本應被判死刑。泄露國家機密罪,叛國罪,故意殺人罪,非法持有核武器罪,非法獲取國家秘密罪,破壞數字基礎設施罪——每一條都夠他死一次。堰城那枚核彈,幾十萬條人命,一百三十六年前的事在這個時代的法律條文裏怎麽算,法庭上吵了三天三夜,最後還是寫進了判決書。
但是由於他強大的律師團隊,變成了死緩,六個月不得減刑。
那支律師團隊是漂亮國最頂尖的刑事辯護律師事務所,據說是他那些雇傭軍花了大價錢從全球各地請來的。他們在法庭上出示了上千頁的證據,請了十幾個專家證人,做了長達幾十個小時的法庭陳述。從“沈敬堯在簽署《全球數字主權讓渡協議》時已處於漂亮國政府的操控之下”到“堰城核爆的****並非沈敬堯本人安置”,從“他在落日計劃中央控製區的行為是在協助龍國軍方獲取情報”到“他在被捕後主動交代了剩餘核彈頭的埋藏位置”。法官敲了法槌,法警把他帶下去的時候,他的律師團隊在旁聽席上互相擁抱,像打贏了一場球賽。
全世界都炸了鍋。漂亮國的媒體說這是“司法獨立的最好證明”,歐洲的媒體說這是“對受害者的二次傷害”,亞洲的媒體在算六個月之後他還能用哪些理由繼續減刑,非洲的媒體在問為什麽一個殺了這麽多人的人還能活著。龍國的網路上,有人罵律師,有人罵法官,有人罵漂亮國,有人沉默地轉發堰城核爆遺址的照片。那張照片是黑白的,一片廢墟,什麽都沒有,隻有一行小字:“攝於堰城核爆後第三天”。轉發的人沒有評論,隻是轉發了。一個,兩個,十個,一百個,一萬個。
我也不知道自己為什麽要去看他。
車停在山裏的那個早晨,我坐在駕駛座上,發動機已經熄了火,暖風還在吹,吹得我手背上幹裂的麵板有點發癢。
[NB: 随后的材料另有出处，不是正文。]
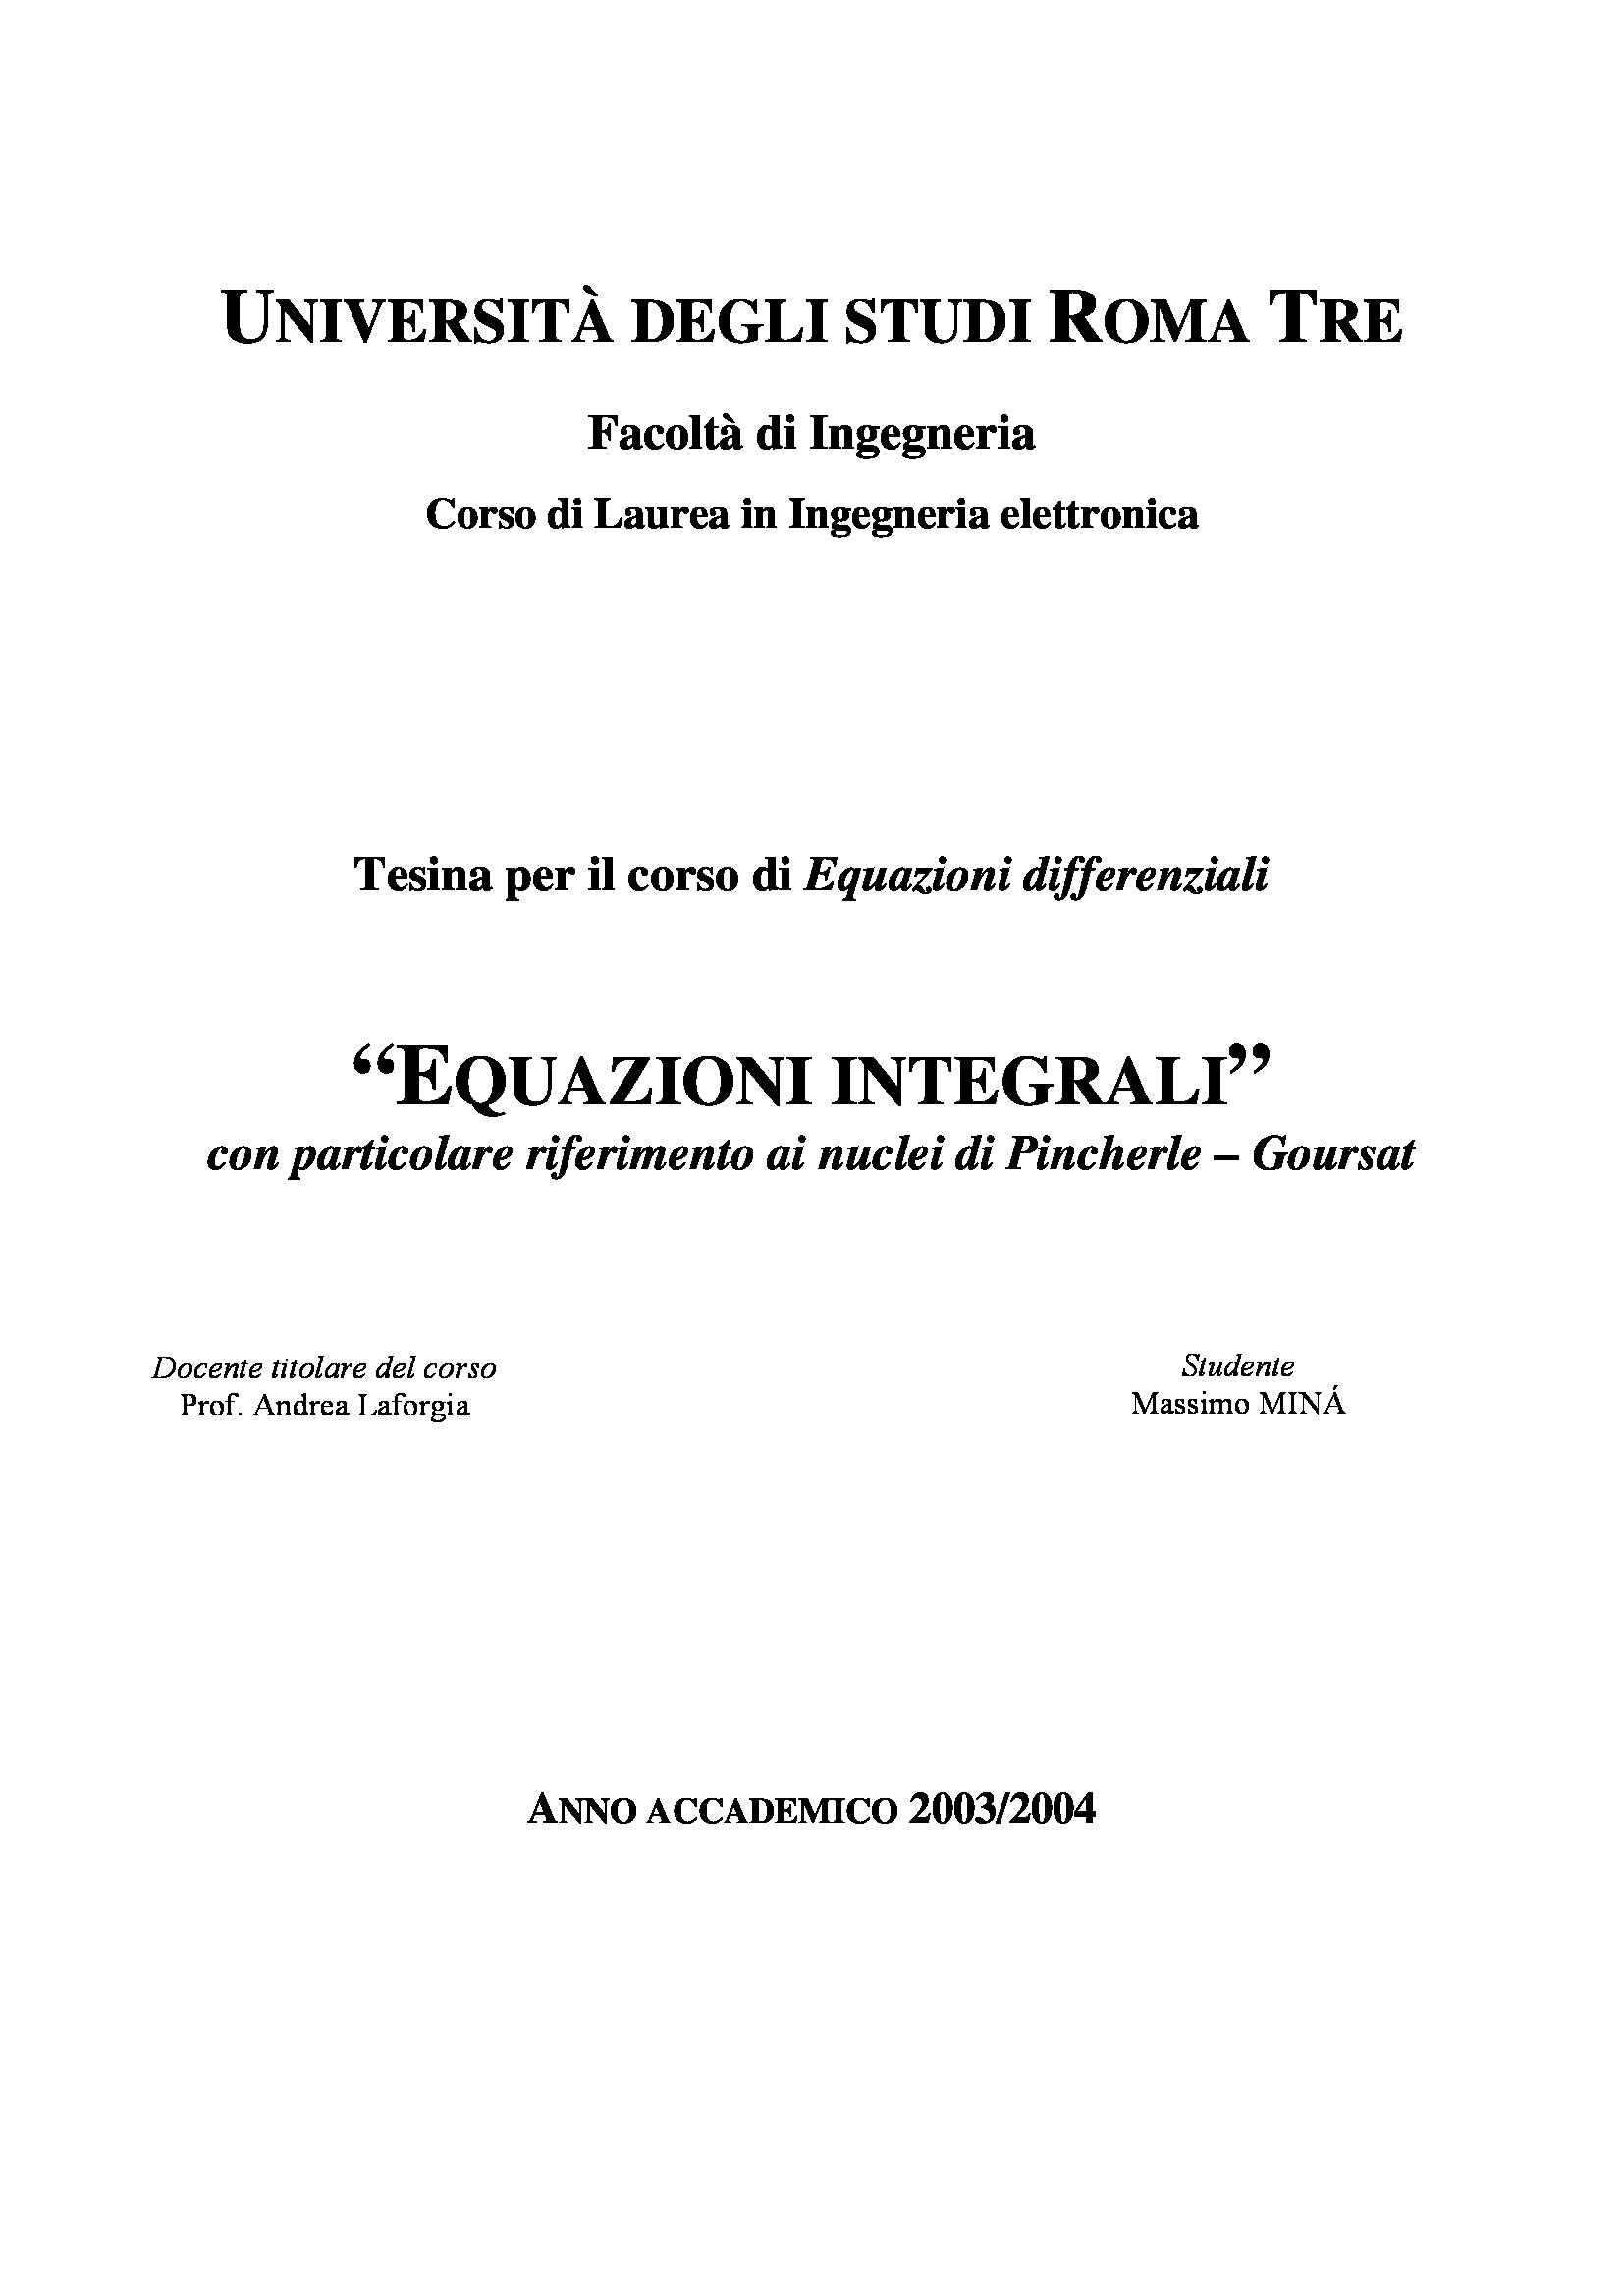 Tesina equazioni integrali, con particolare riferimento ai nuclei di Pincherle-Goursat

我看著擋風玻璃外麵那扇灰色的鐵門,看著鐵門上麵的鐵絲網,看著鐵絲網後麵那棟灰色的、沒有窗戶的、像一塊被切下來的立方體一樣的建築。我問自己這個問題,問了好幾遍。也許,我自己也說不清。懷舊?我和沈敬堯之間有什麽可懷舊的?軍校操場上一起跑過的五公裏,潛艇艙室裏一起喝過的罐頭湯,演習結束後一起抽過的那根煙——這些東西在清源山寺廟的槍聲響起的那一刻,就已經被那顆子彈打得粉碎了。那顆子彈穿過了慈熙的心髒,穿過了那件藏青色棉布褂子,穿過了我和他之間所有的、我以為還存在、但其實早就已經不在了的東西。
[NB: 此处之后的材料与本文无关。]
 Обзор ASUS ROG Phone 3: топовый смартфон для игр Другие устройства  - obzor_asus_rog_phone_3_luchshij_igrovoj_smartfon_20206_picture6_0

仇人被抓時的幸災樂禍?我站在那扇鐵門前麵,等著武警戰士做最後一道登記手續的時候,試著在腦子裏想象沈敬堯穿著橘紅色號服、剃著光頭、戴著手銬的樣子。我想象出來了。但那個畫麵沒有讓我高興,也沒有讓我不高興。它就那麽在那裏,像一個被從相簿裏抽出來的、背麵寫著日期但你已經不認識照片上任何一個人的、褪了色的舊照片。
可能都不是。
會見室的玻璃很厚。不是普通的那種厚,是那種——你知道的——監獄會見室裏專用的、中間夾了一層金屬網的、防彈的、隔音的、讓你看得見對麵的人但碰不到他、讓他看得見你但碰不到你的玻璃。玻璃擦得很幹淨,幹淨得像是沒有一樣。但你知道它在那裏。你知道你和對麵那個人之間,隔著的東西,比玻璃多得多。
他坐在玻璃的那一邊。橘紅色的號服,袖子有點長,挽了一道。頭發剪得很短,短到能看見頭皮上幾道淺色的、細長的疤痕——不知道是年輕時留下的,還是那一百三十六年裏留下的。他瘦了很多,顴骨突出來,眼窩凹下去,下巴的線條比在落日計劃平台上見他的時候更尖了。但他坐得很直。不是軍人的那種直,是那種——被關久了的人,在每一個能被看到的地方,都會把自己收拾得整整齊齊的那種直。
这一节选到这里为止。